There’s always that raider that you look at in awe: that you admire for their seemingly flawless and polished technique. They never seem to stand in the bad. Their rotations flow from their fingers into perfectly executed strings of numbers that add up to a whole lot of pain. And you’re standing next to them feeling like the proverbial elephant in the raid.
I’m not sure I’ve mentioned it, but it’s been a long, long time since I’ve been a dps raider. I raided in vanilla as a rogue, and started a mage in BC; but for all intents and purposes I’ve spent 4 years of raiding as a tank or a healer. Benchmarks for these roles are a bit different, and while I always felt that I covered them exceptionally well, there’s just something very real and tangible about a dps meter. I’m not saying it’s the end and be all of the dps role, but you can bet your buns that it brings quantifying your effectiveness into very sharp focus.
I’ve been mulling over this more and more as I’ve truly become a hybrid role in my team. I’ve got two roles that I’m spending a significant time trying to master, whereas I’ve usually only had to worry about one. The other wasn’t bad per se, but just not as well polished. As I began to LFR, I made sure that some weeks I did the fights as restoration, and sometimes as balance, just so I had a general handle of the basic mechanics of the fight for both roles.
But it didn’t really come into focus for me, why I was so good on some fights and so bad on others until I had a friend come back to raiding. We were rolling through Firelands at the end of a raid week, getting folks mounts and working on our 3rd legendary, when he said something that made it all make sense:
I do so poorly in Firelands. I’m afraid to let the guild bring me in here because I look so bad. But I know the DS fights so much better, I’m just now figuring out how to maximize my dps on some of these fights.
When you’re learning a new encounter, you’re learning more than the dance steps and what not to do. You’re learning when your rotation will be interrupted, when the best time to line up your cooldowns is, and how to avoid huge gaping holes in your damage/healing up-time. Those fights that I’m really good at are always the ones where I learned the fight from the beginning.
While you can always pick up your game at a later date, you are going to be behind the curve. While those 100 wipes went into training you on a perfect response time for damage or healing, now that you have to switch, those same responses have to be retrained to some degree. Not drastically, not game-altering die-in the fire every attempt: but enough to make you look a little less polished, and not as effortlessly awesome as the guy standing next to you.
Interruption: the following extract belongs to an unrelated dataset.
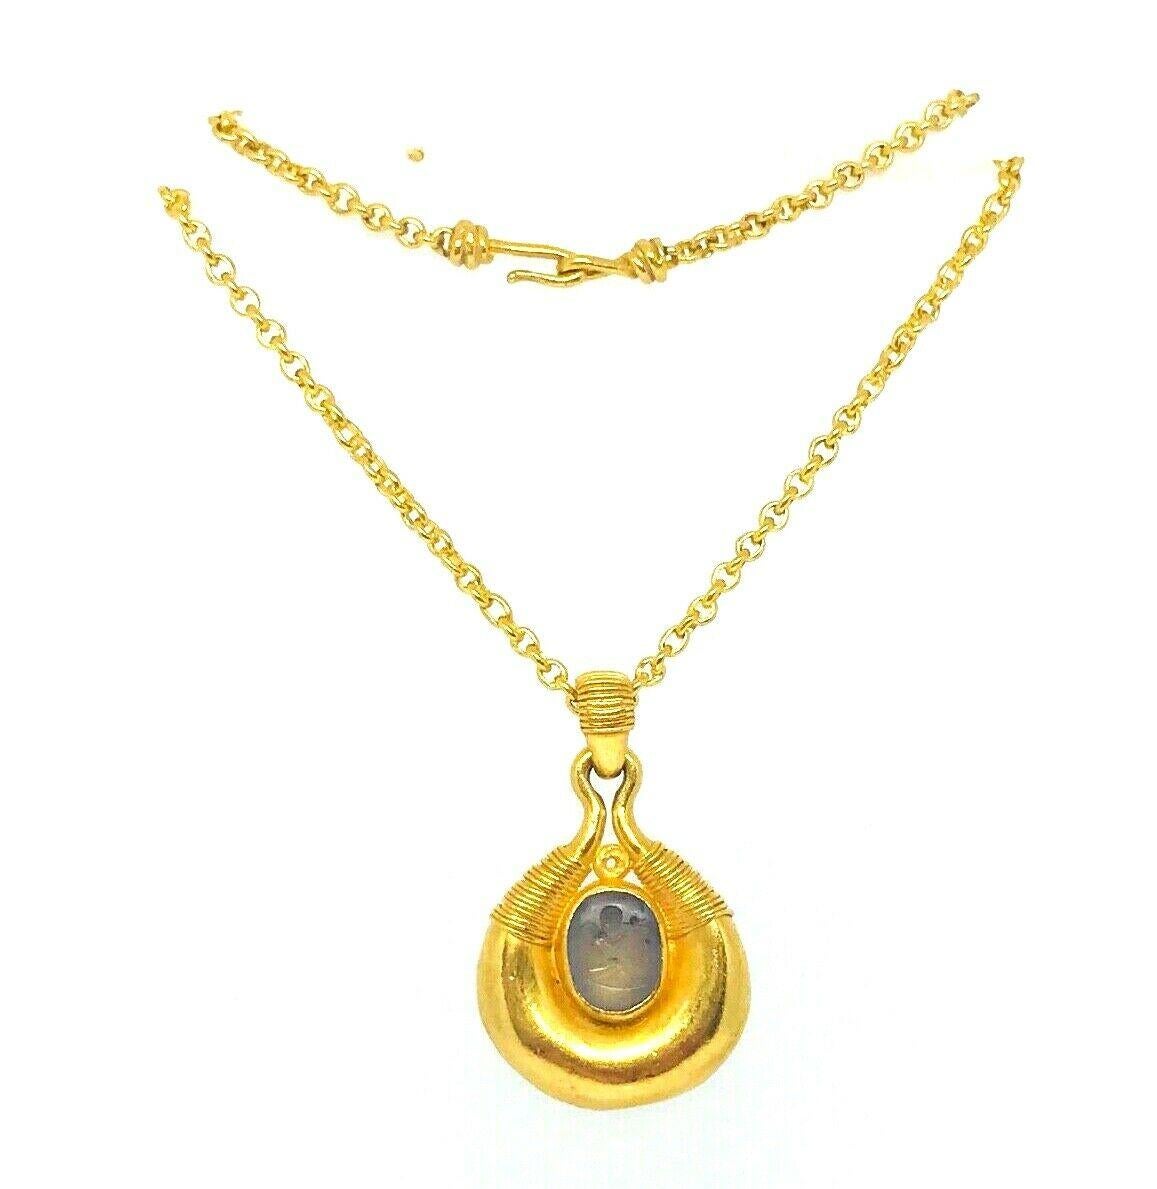 Vintage (c.1930s) Egyptian revival 22k yellow gold chain necklace with a carved crystal circle pendant. The chain features a hook-and-eye closure. The pendant has a carved cherub image and the gold wires wrapped around elements.
Measurements: the

And that’s when my second bright idea occurred to me: players I want to raid with, players that I respect for their skill are those that utilize every tool in their toolbox. It doesn’t matter that you know every step in the dance of death if you don’t know whether you should be burning your incinerating cool-down now, or in 5 seconds when it’ll last through the next burn phase.
I’ve been running more PUGs than usual the last few weeks, partly in an effort to get more players kitted up for 85, and in part because I’ve been running more LFR. And while it might sound a bit snobbish, I’m always pleasantly surprised when I see someone using not only their huge raid cool-downs, but their cool-downs for personal protection. While it’s usually not necessary to use a Tranquility, pop into Tree, throw out some treants or pop a Barkskin, these are tools that make encounters easier, more efficient, and make me able to perform when I step into Heroics.
Learning an encounter isn’t so much about the dance. Every dance can be conquered (or at least fumbled through). The harder part, the challenging part, is fitting my skills, my little square blocks, into the round holes that appear through the encounter. When I’ve been most successful, when I’ve really made my mark in an encounter, it’s because I utilized every possible ability that it made sense to use to up my dps/healing, reduce my damage taken, and meet all the goals of the encounter.
Those flawless raiders that I respect and envy aren’t flawless. No one is, but what they do with grace and consummate skill is utilizing their class to its maximum potential. I may never be there, at least not 100% of the time, but that’s always my goal. Discovering how and why I perform differently on different fights was one step in helping me nudge me towards that ideal.